Data provided START
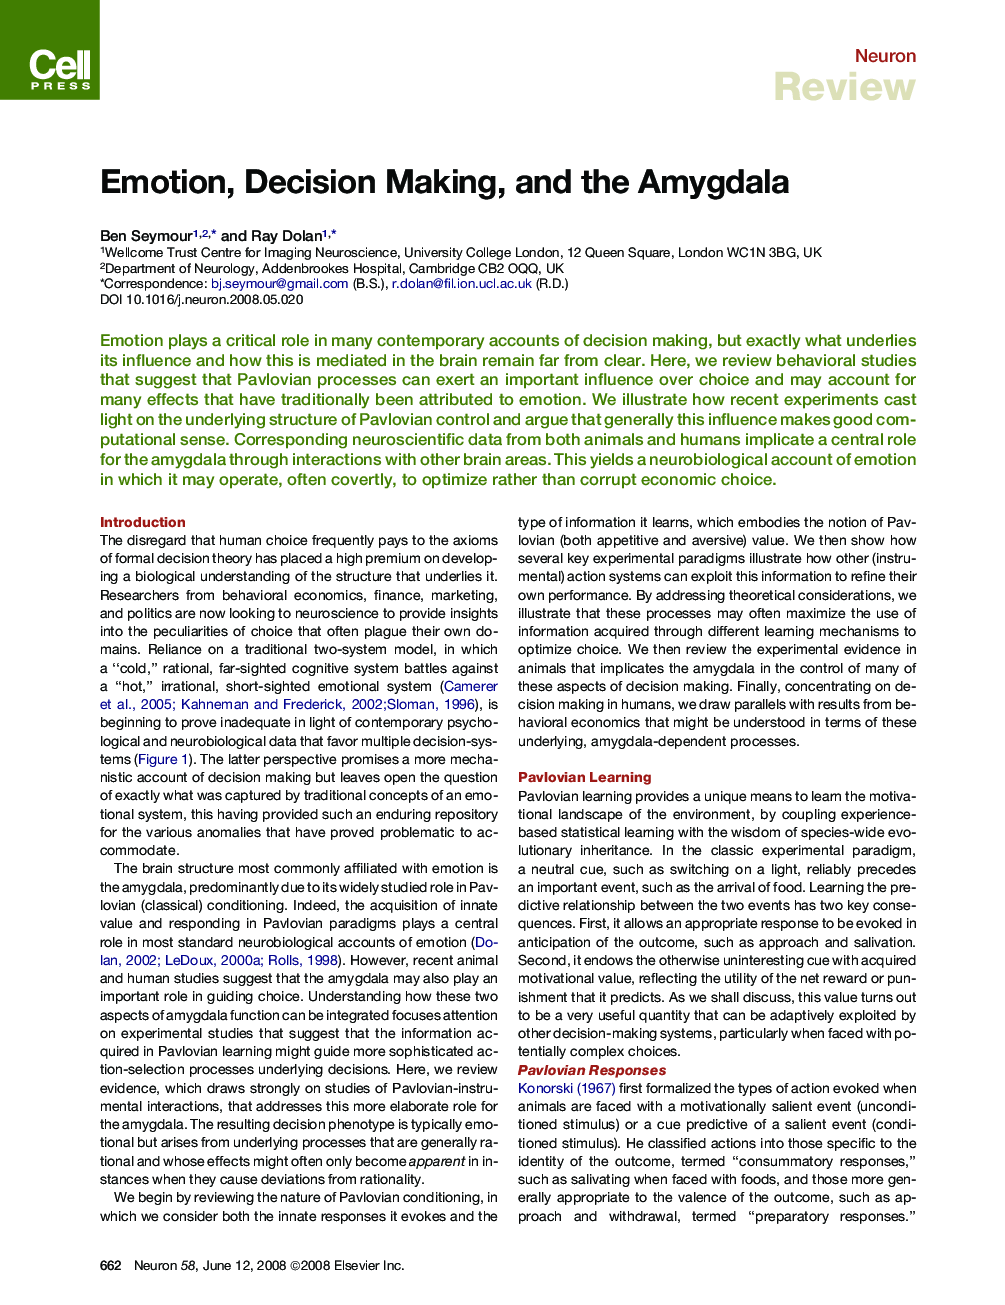 Emotion, Decision Making, and the Amygdala
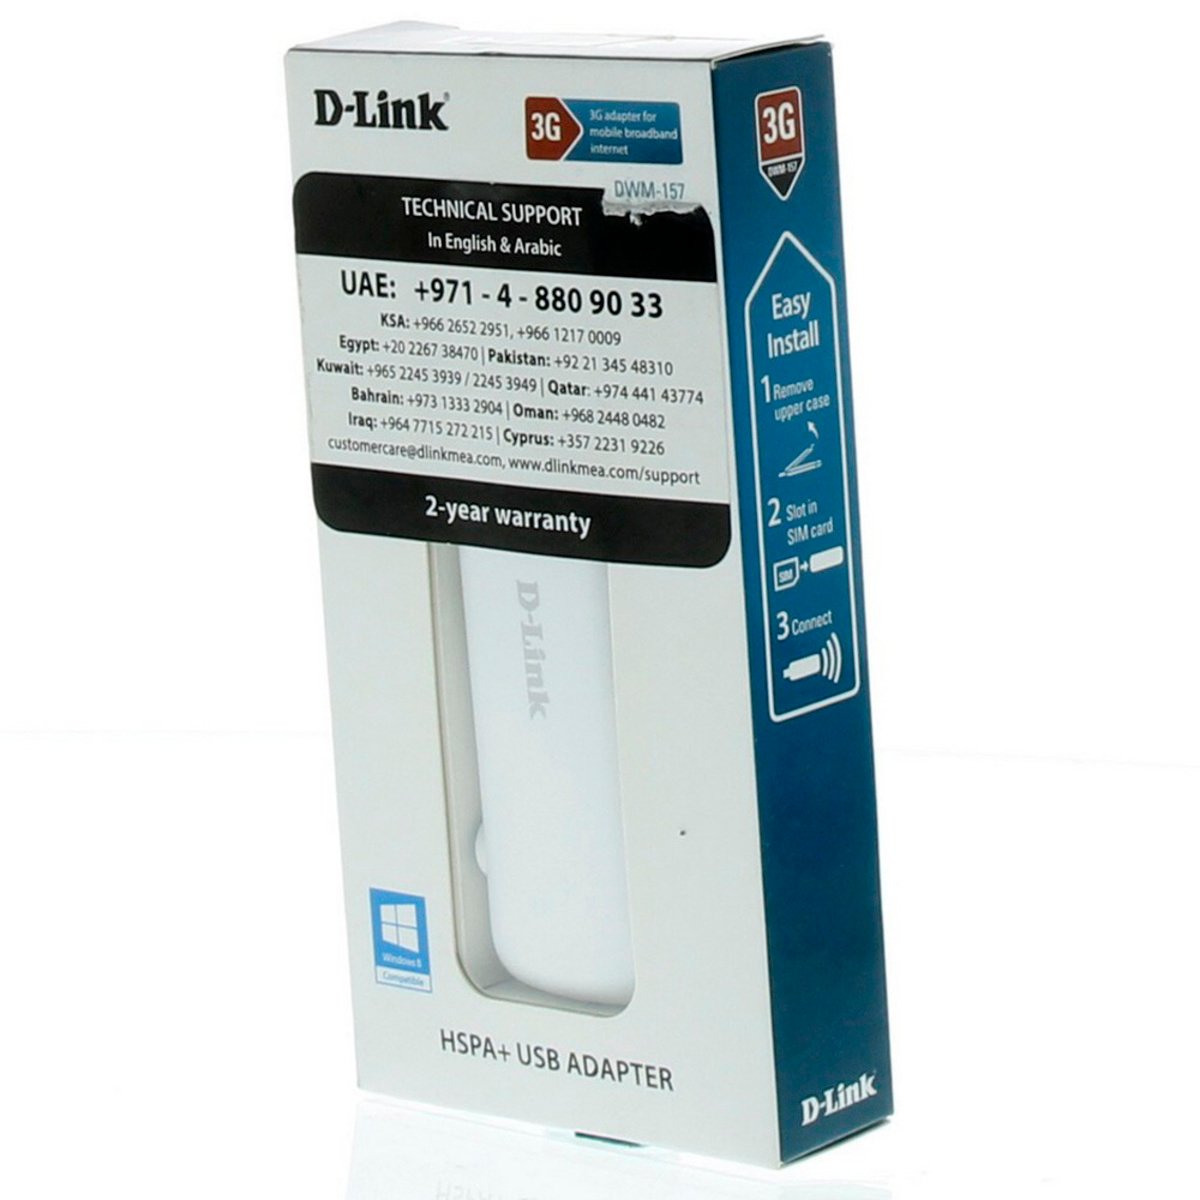 D-link 3G Dongle DWM-157 21Mbps
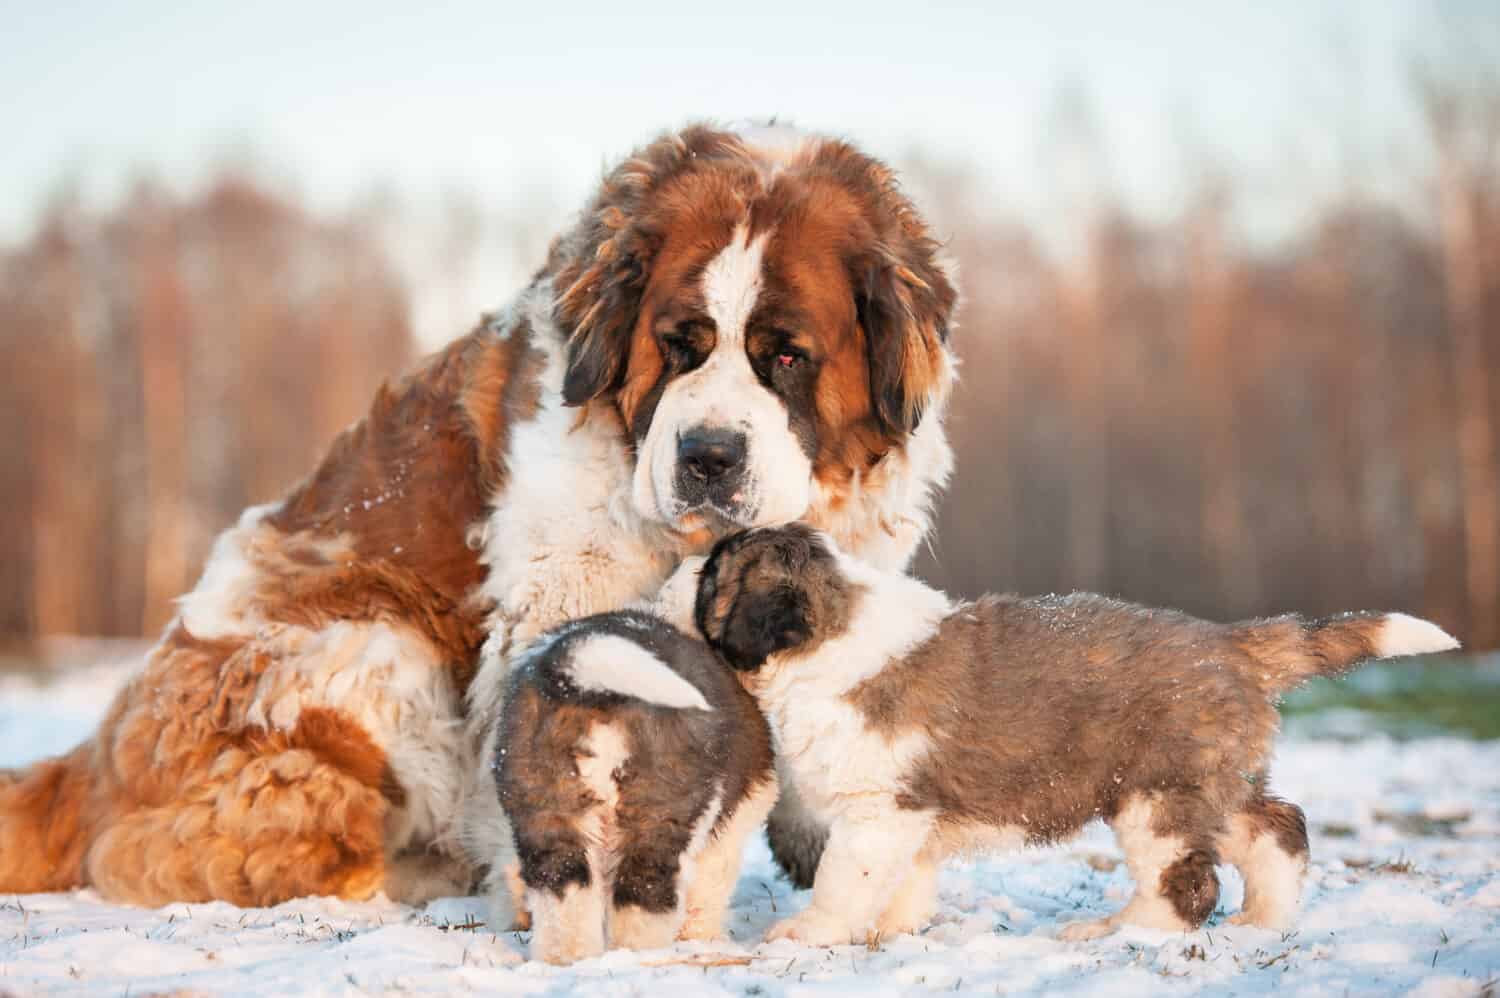 Saint bernard dog with puppies in winter
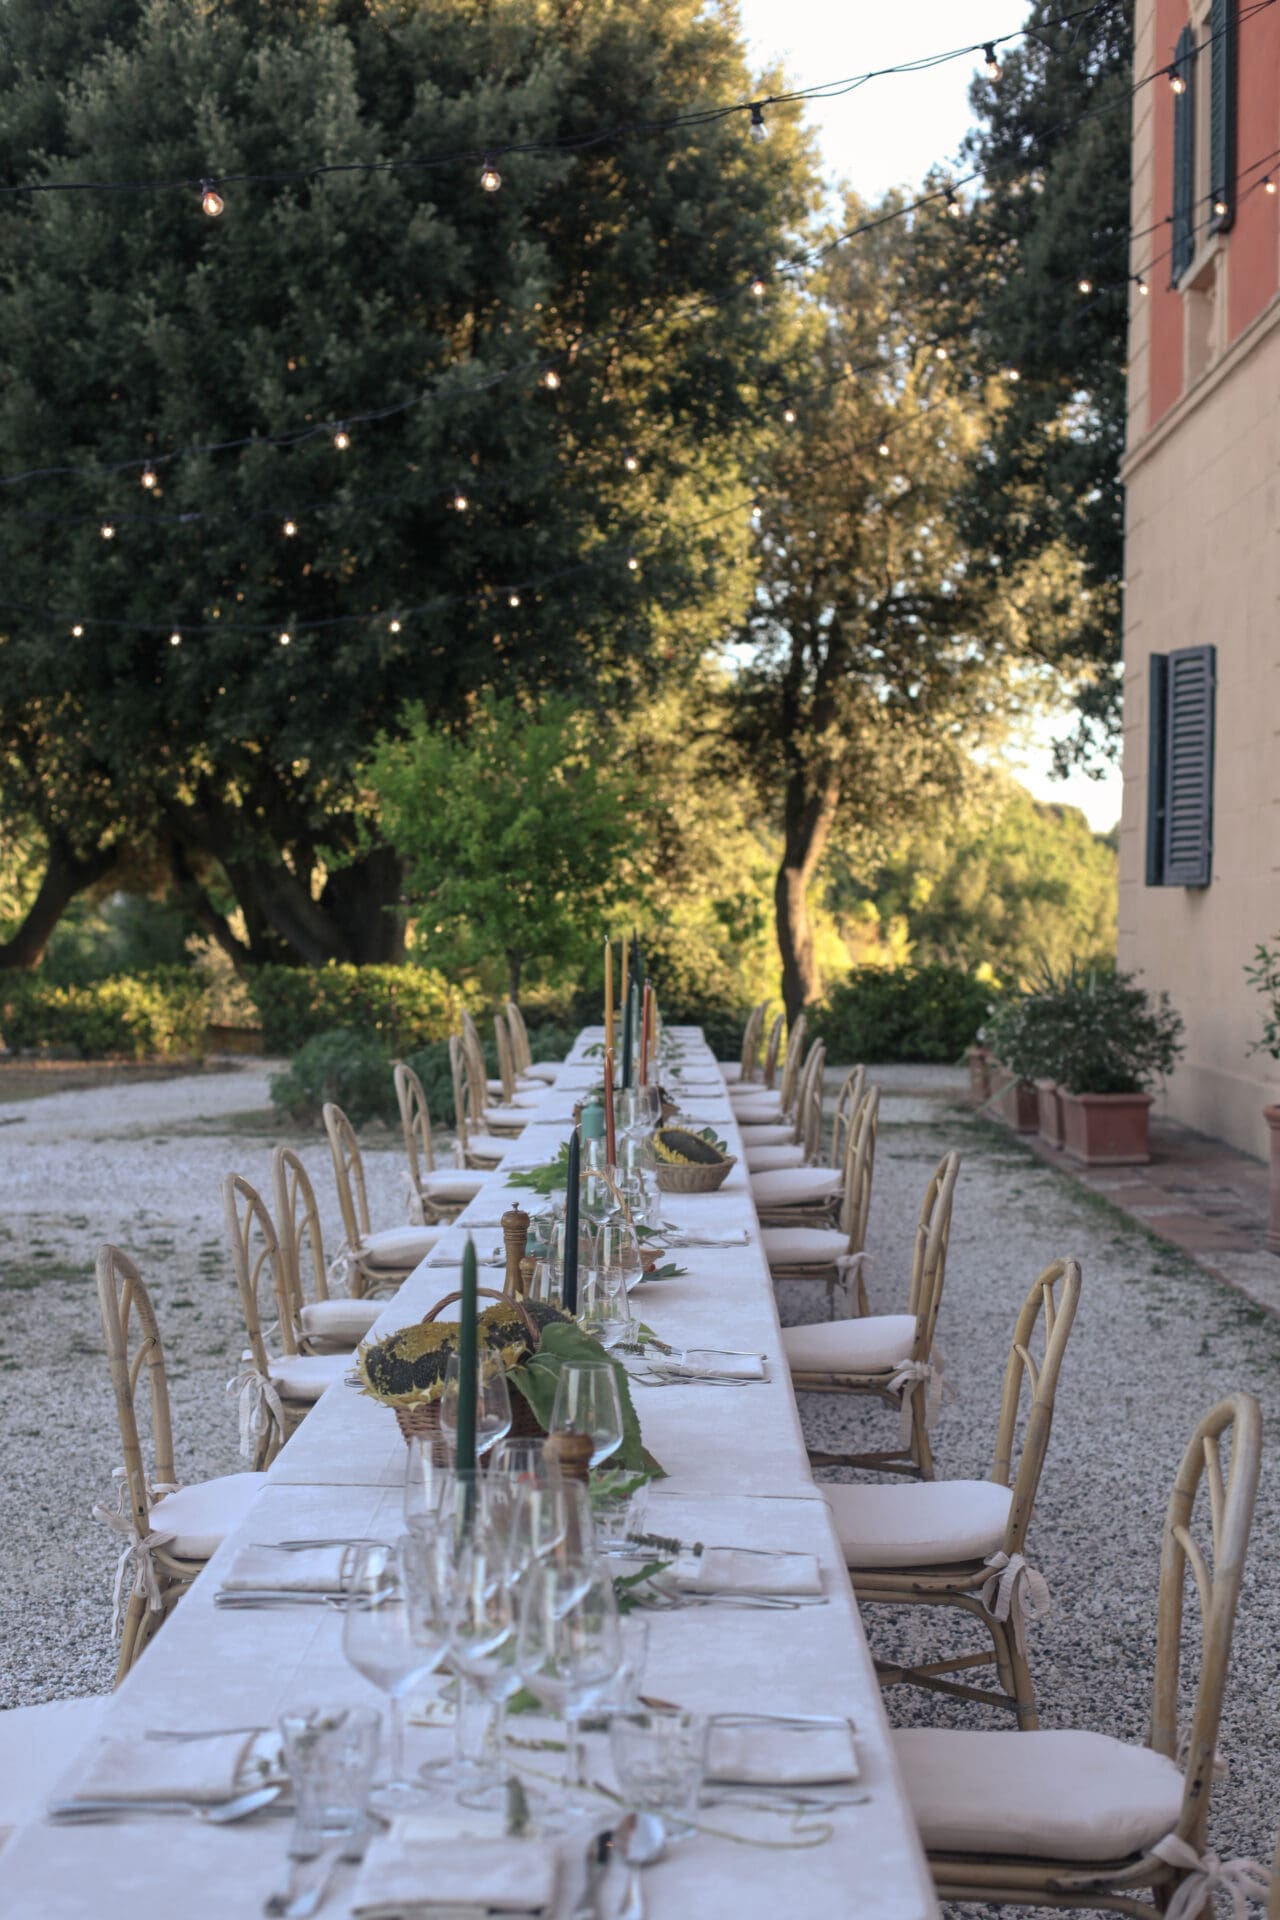 Inside Villa Lena | A long row of tables set up for an event at Villa Lena
Data provided END
Task instructions> When you write out the material, reproduce each line exactly and omit any picture it holds.

Expected answer>
 Emotion, Decision Making, and the Amygdala
 D-link 3G Dongle DWM-157 21Mbps
 Saint bernard dog with puppies in winter
 Inside Villa Lena | A long row of tables set up for an event at Villa Lena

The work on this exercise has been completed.